# Deck Design Software



## happ ymac (Dec 16, 2004)

Anyone know of a good Deck Design software for a Mac??


----------



## ColBalt (May 16, 2005)

happ ymac said:


> Anyone know of a good Deck Design software for a Mac??


 What do yo mean by "Deck"?
Patio deck, Skateboard deck, etc.


----------



## kent (Oct 18, 2003)

happ ymac said:


> Anyone know of a good Deck Design software for a Mac??

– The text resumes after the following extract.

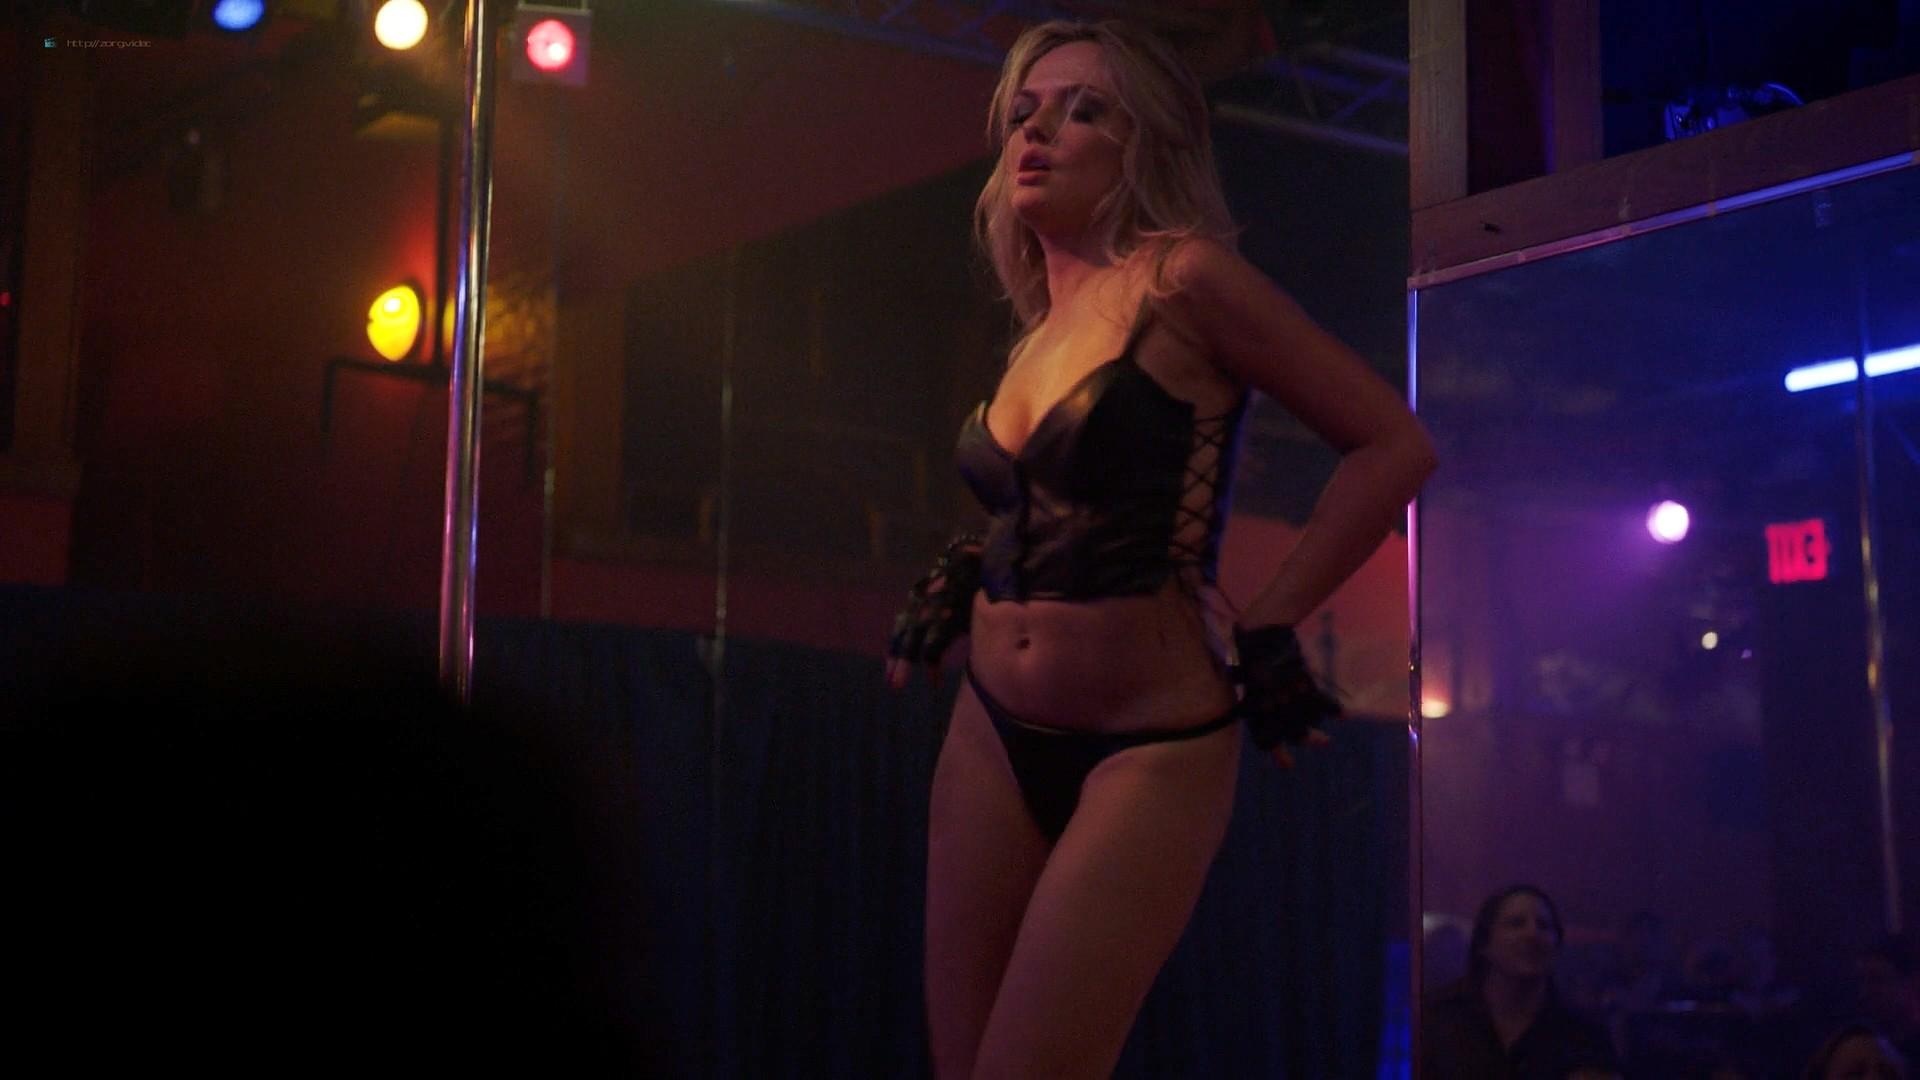 0909091421940_03_Emily-Meade-nude-topless-Samantha-Steinmetz-topless-too-The-Deuce-2019-s3e5-1080p-009.jpg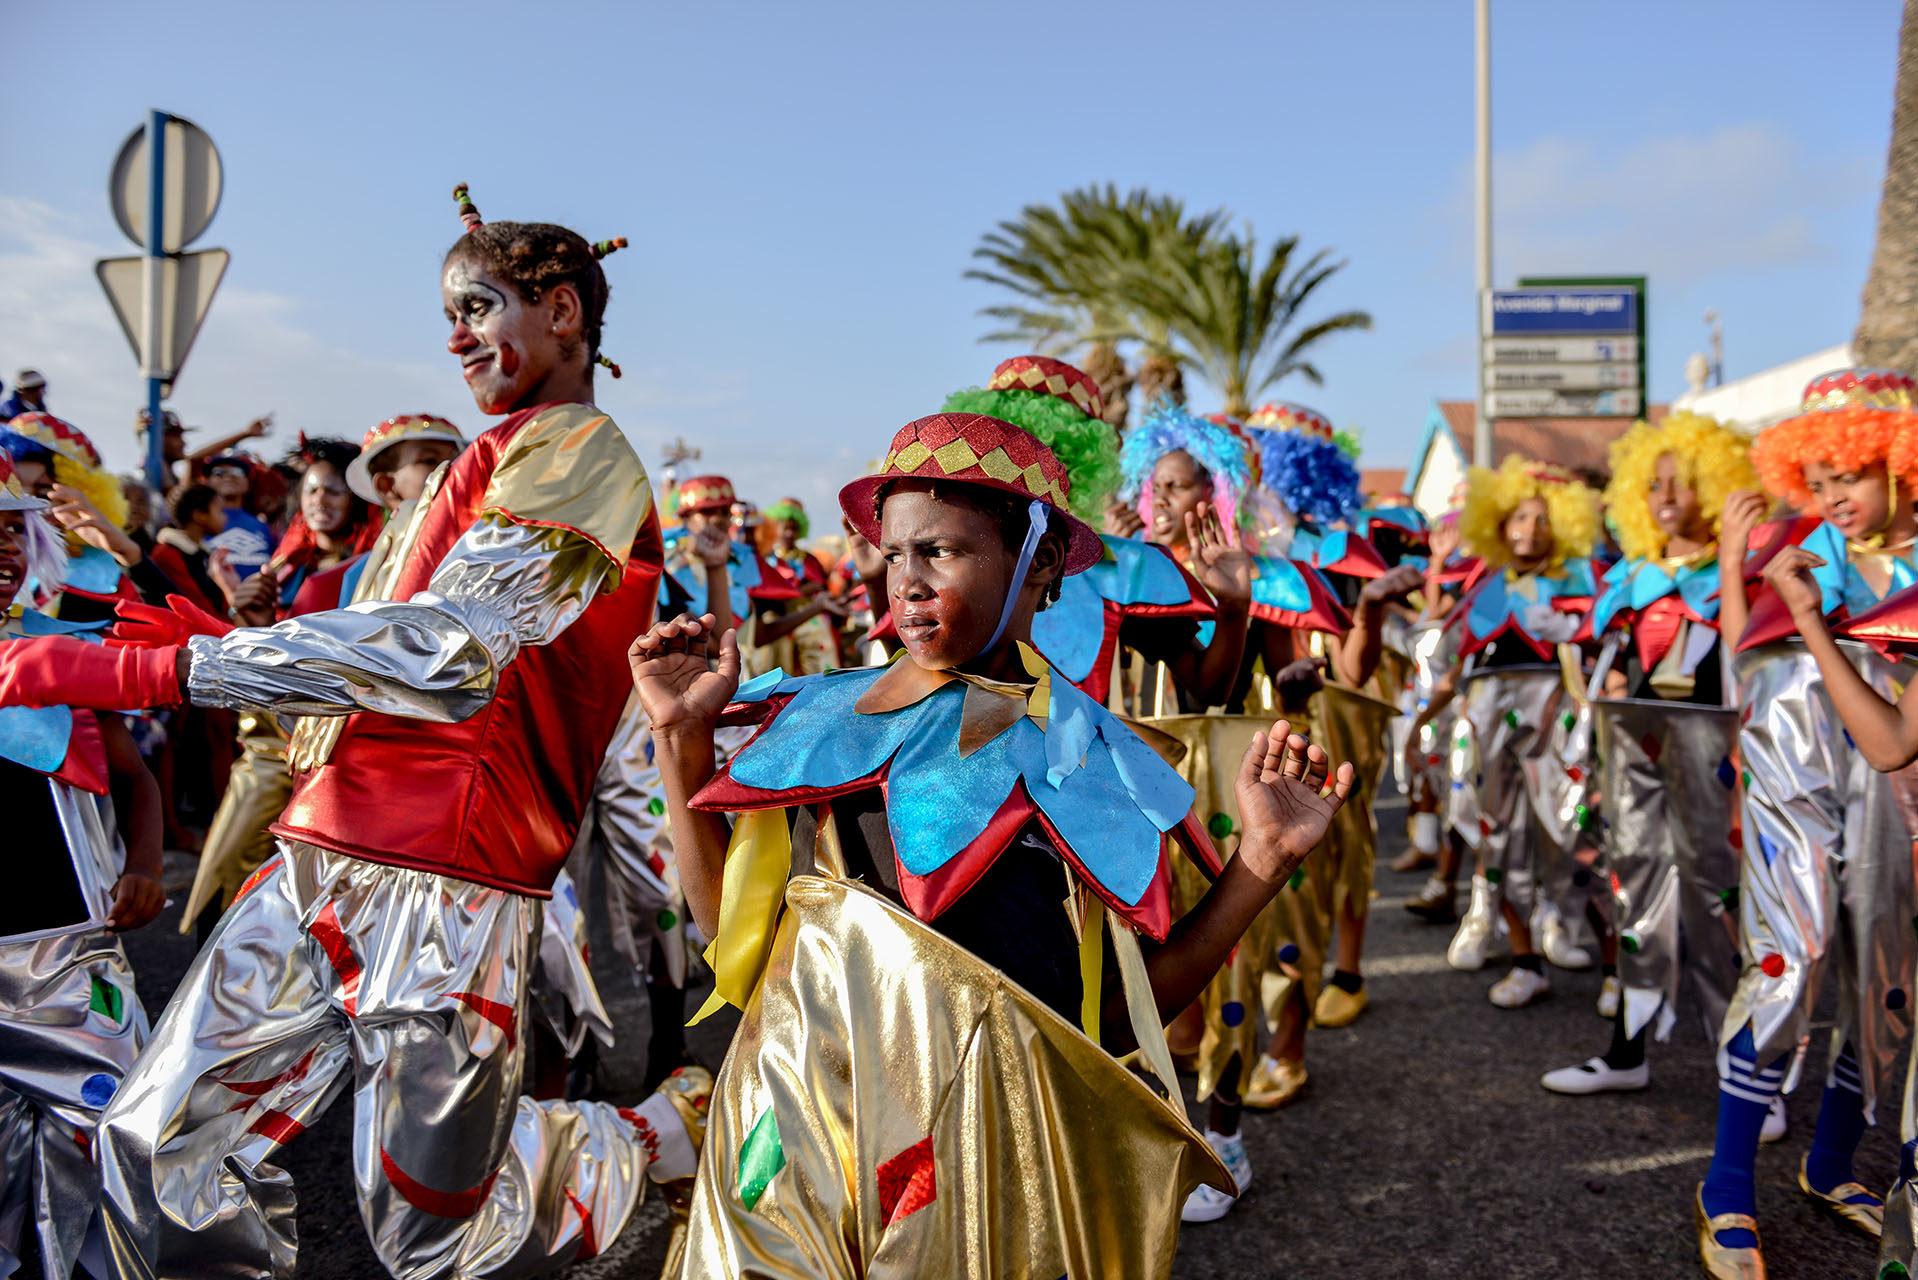 photographe-ile-de-france-evenementiel-maya-angelsen-carnaval-cap-vert-val-de-marne

I would assume that most of the easy and free home reno software would be available for PC not Macs. While the learning curve is substantially greater, I would recommend you try a basic CAD program which would enable you to block-in your house, design the shape/extent and then draw the details for construction [footings...connections etc.] A program like Graphite is inexpensive plus they have a long trial period and if you're into home renos or designing stuff for your house learning basic CAD is a great skill. I've never used Graphite, but I hear a lot about it. From there, CAD and 3D software gets a lot more expensive. You basically need to draw plans and sections for your new deck.


----------



## rogueToe (Dec 13, 2002)

Deck of cards?


----------



## happ ymac (Dec 16, 2004)

Patio deck


----------



## Yvon C. (Dec 1, 2003)

http://www.ehmac.ca/showthread.php?t=5771&page=2

If you go to the above thread near the bottom of the page my answer may interest you.

There is cheap PC programs that use predesingned decks but you have to modify for your needs, that is why I prefer to start fron scratch.

Yvon c.


----------